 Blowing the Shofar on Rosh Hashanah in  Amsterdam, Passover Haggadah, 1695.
########
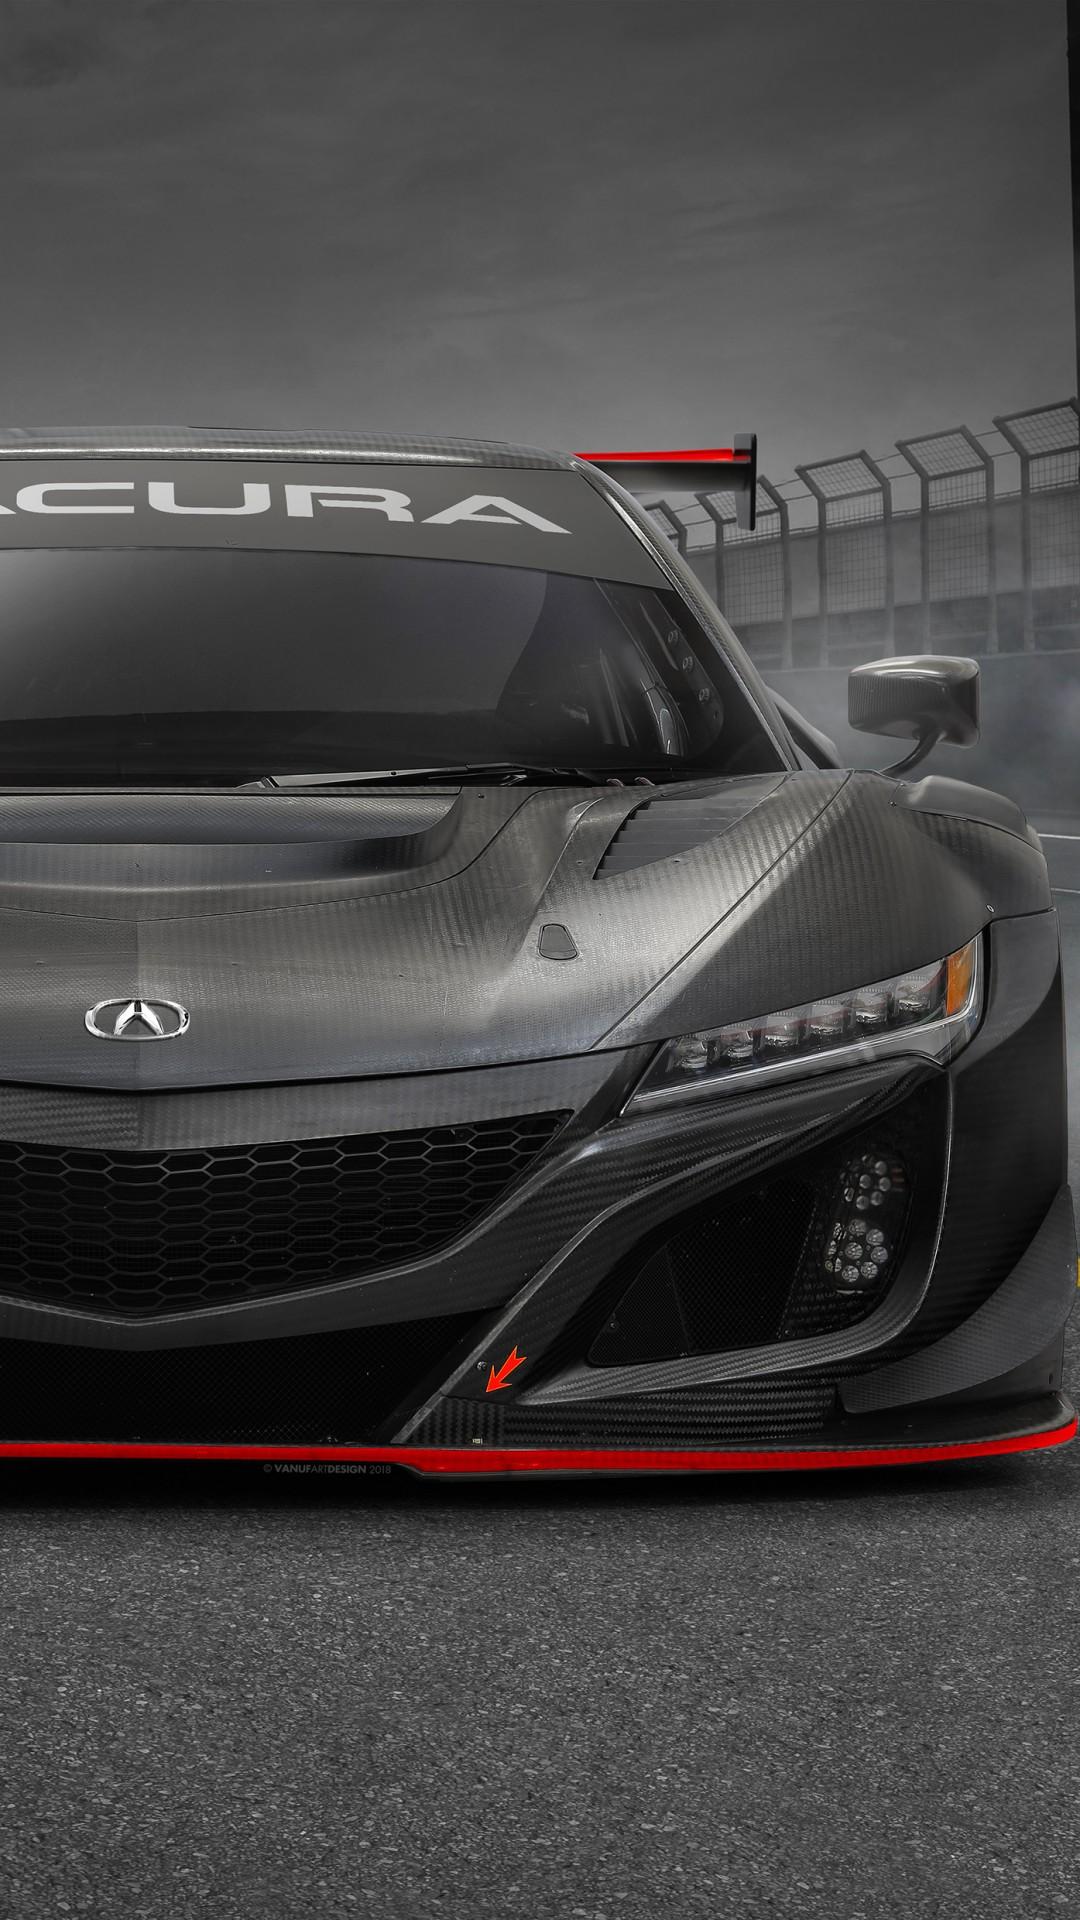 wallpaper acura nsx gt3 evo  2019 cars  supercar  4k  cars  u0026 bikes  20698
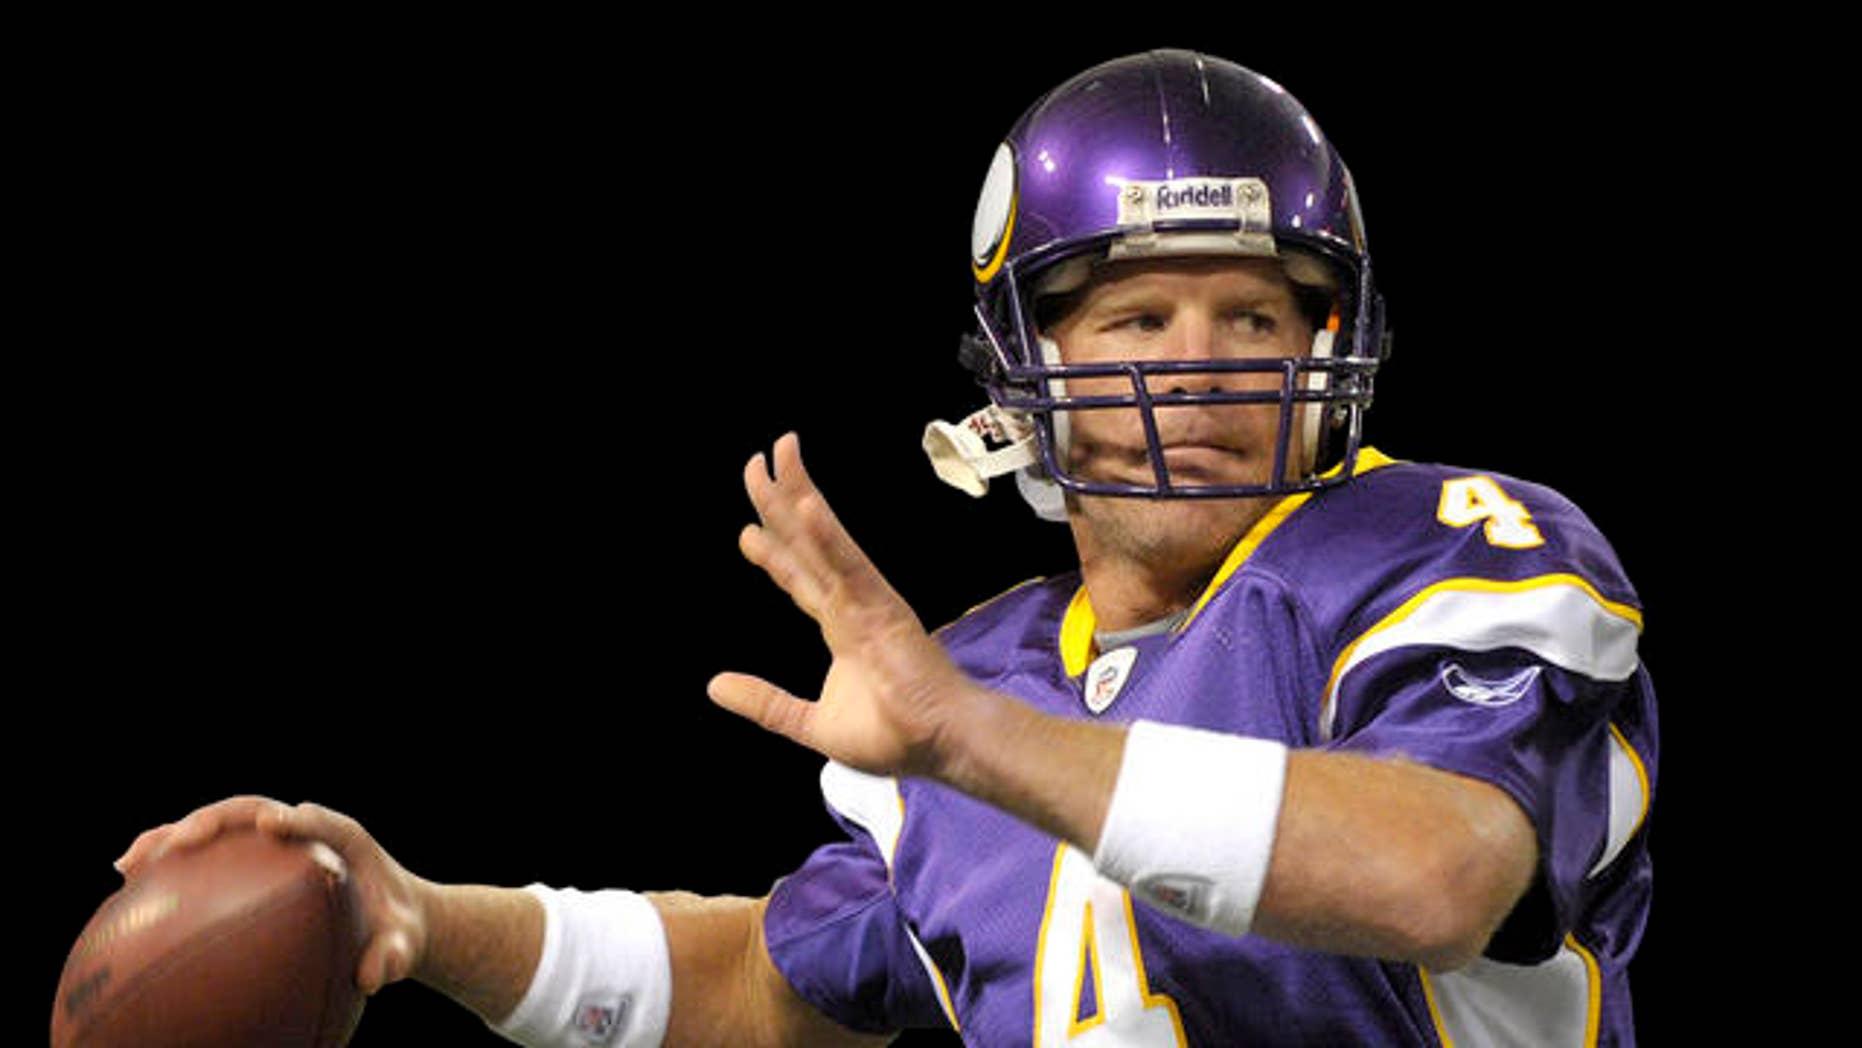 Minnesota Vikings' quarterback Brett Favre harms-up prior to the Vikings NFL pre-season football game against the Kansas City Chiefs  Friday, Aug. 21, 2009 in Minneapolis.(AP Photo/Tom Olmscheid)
########
THE PROBLEM
For this exercise, please set down exactly the lines of the listing above from the line with "wallpaper acura nsx" up to and including the line with "Minnesota Vikings' quarterback", and no pictures.

WRITTEN ANSWER
 wallpaper acura nsx gt3 evo  2019 cars  supercar  4k  cars  u0026 bikes  20698
 Minnesota Vikings' quarterback Brett Favre harms-up prior to the Vikings NFL pre-season football game against the Kansas City Chiefs  Friday, Aug. 21, 2009 in Minneapolis.(AP Photo/Tom Olmscheid)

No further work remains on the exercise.